During the second trimester, at about 14 weeks, most women experience an increased libido which will, quite literally, get the juices flowing. Due to a surge in hormone levels, pregnant women will have an increased amount of blood flow to the pelvic region as well as a more lubricated vagina.
This increased sex drive also provides a boost of energy. And there’s more good news – sex when pregnant also increases the intensity of your orgasms, which not only has its psychological benefits, but it also means that your muscles in the uterus are getting a workout – which will help you push when the big day comes.3
Healthy heart, healthy mind
Exercising during pregnancy is great for your mental health post-pregnancy too, as it has been known to lower the risk of postnatal depression.5 Not only this, but exercise in general has a positive effect on our brains, releasing endorphins that keep us happy and help to relieve stress. All these factors can contribute to a healthy and more relaxing pregnancy.
Exercise (with) caution
So, we’ve established that exercising while pregnant is in fact safe, yet there are some rules to follow to ensure that you are not putting yourself at risk. Not all exercise is appropriate – you wouldn’t start doing deadlifts or skydiving from 13,000ft, for example.

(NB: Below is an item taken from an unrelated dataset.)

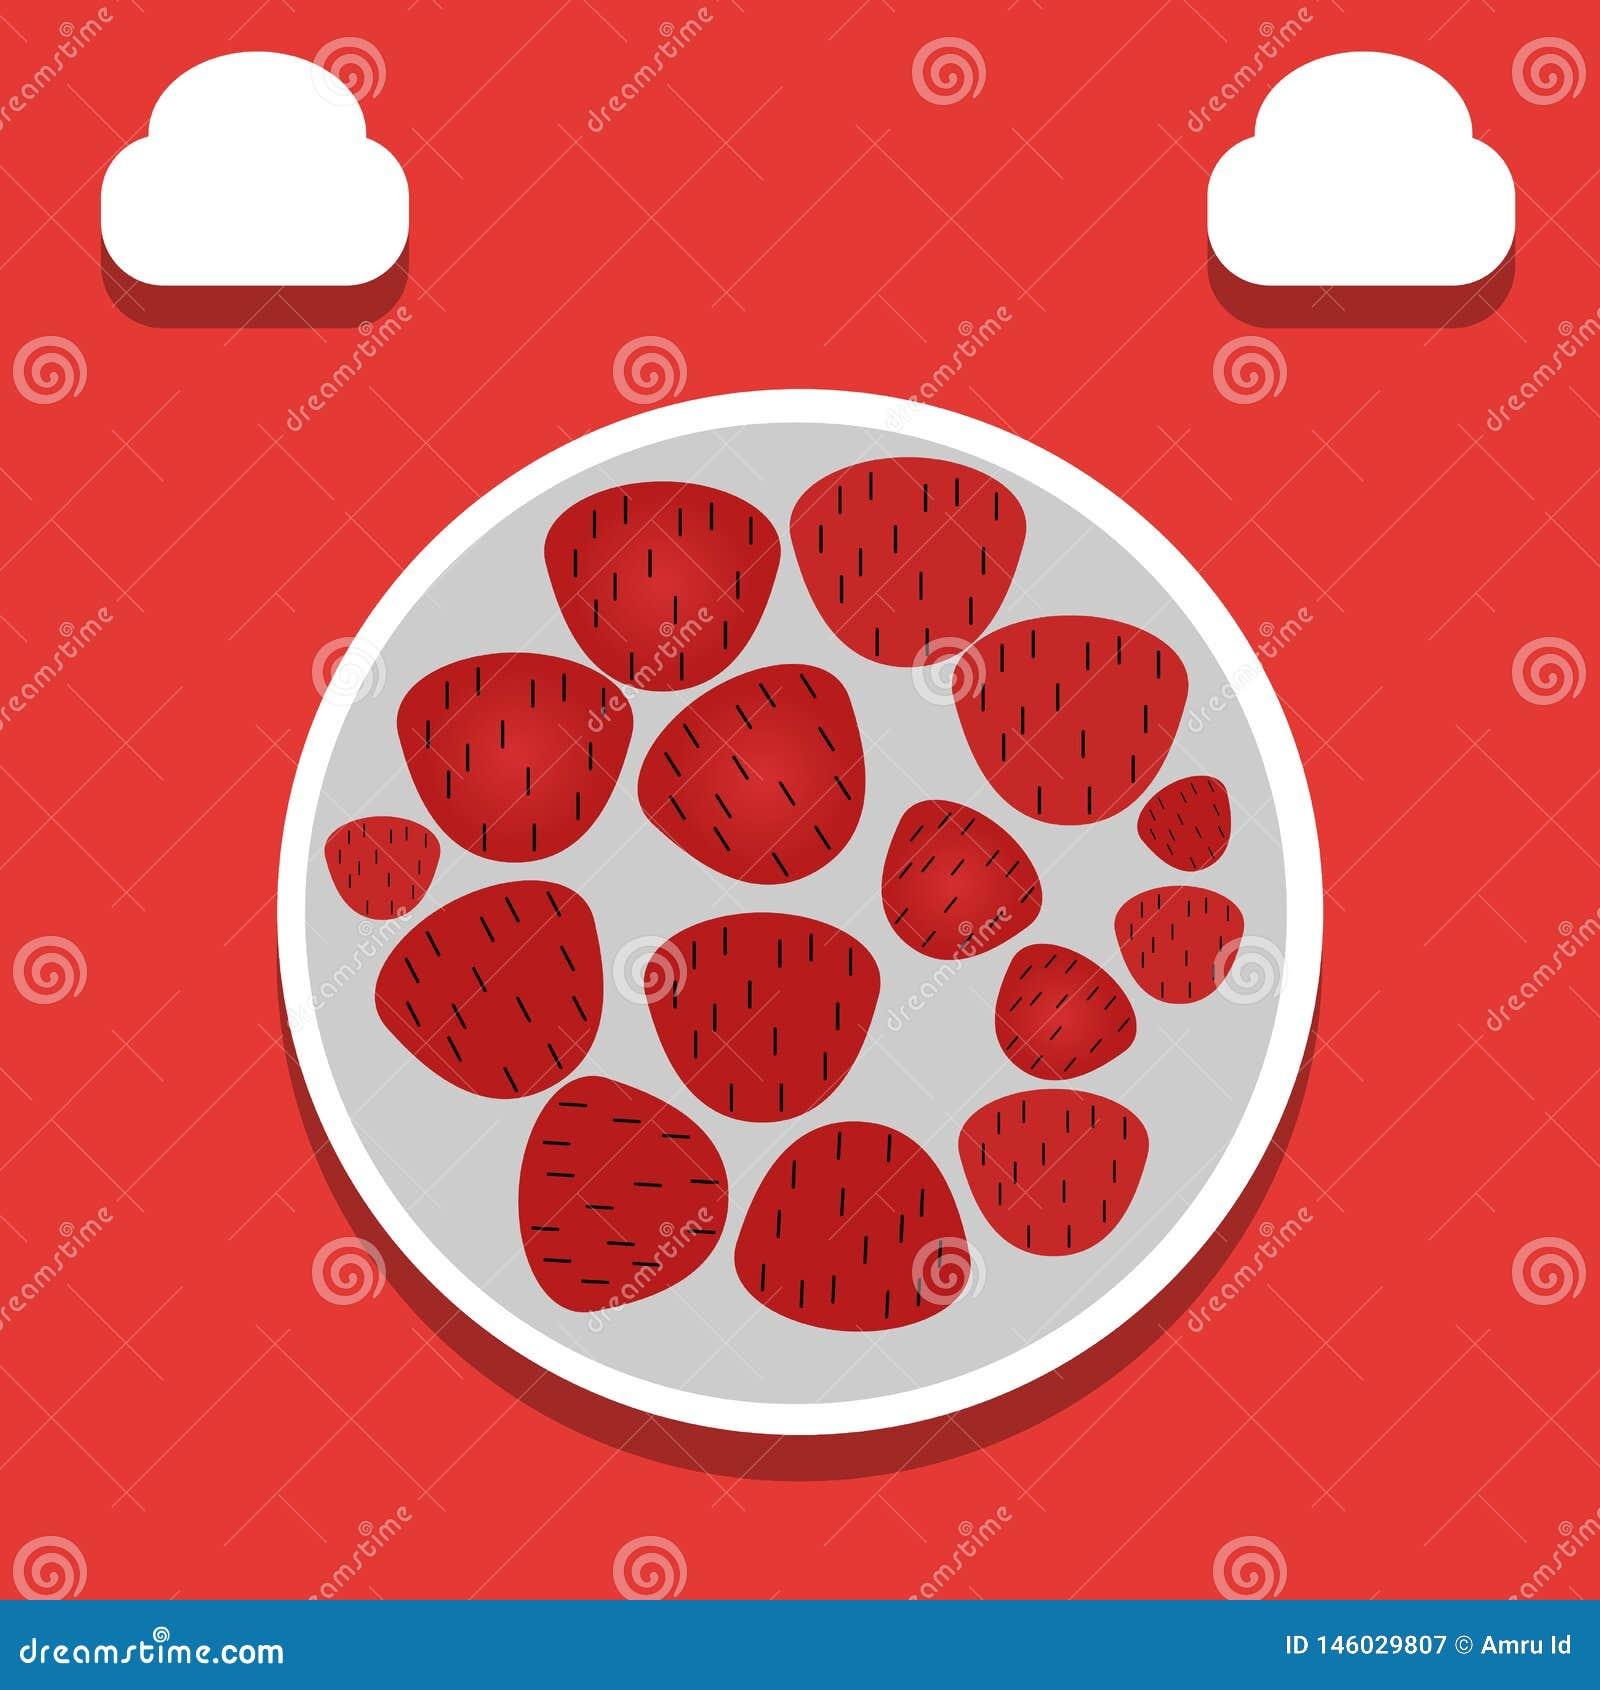 Strawberry illustration - vector

Ensure that you keep hydrated and do not exercise in hot weather – you don’t want to overheat and faint. Warming up and cooling down is important anyway, but definitely shouldn’t be neglected when pregnant. Stretching properly keeps you supple, protects your muscles and prevents injury. It is also unsafe to lie flat on your back for extended periods of time.1
Finally, avoid any sport or activity that has a risk of falling, such as horse-riding, and do not participate in contact or extreme sports, including scuba diving. Also, avoid high altitude. Anything around 2500 metres above sea level and higher – is a big no no, and besides, you’ve got another big mountain to climb in the meantime…
Having a healthy mind is as crucial as having a healthy body. Exercise is great for helping to relieve stress and depression, but being inactive can also have its benefits.
Make sure you rest appropriately after every workout, and on the days where you really aren’t feeling up to it, there is no harm in putting your feet up and having that day off! Light yoga and Pilates exercises can be great for these more restful days.6
Tune-in to your body
There is no right or wrong when it comes to keeping fit and exercising during your pregnancy. If you’ve always exercised, then your body should be able to cope with the demands of light exertion. Exercise at a pace and difficulty level that is right for you, and speak to your doctor or pharmacist if you have any concerns about exercising when pregnant.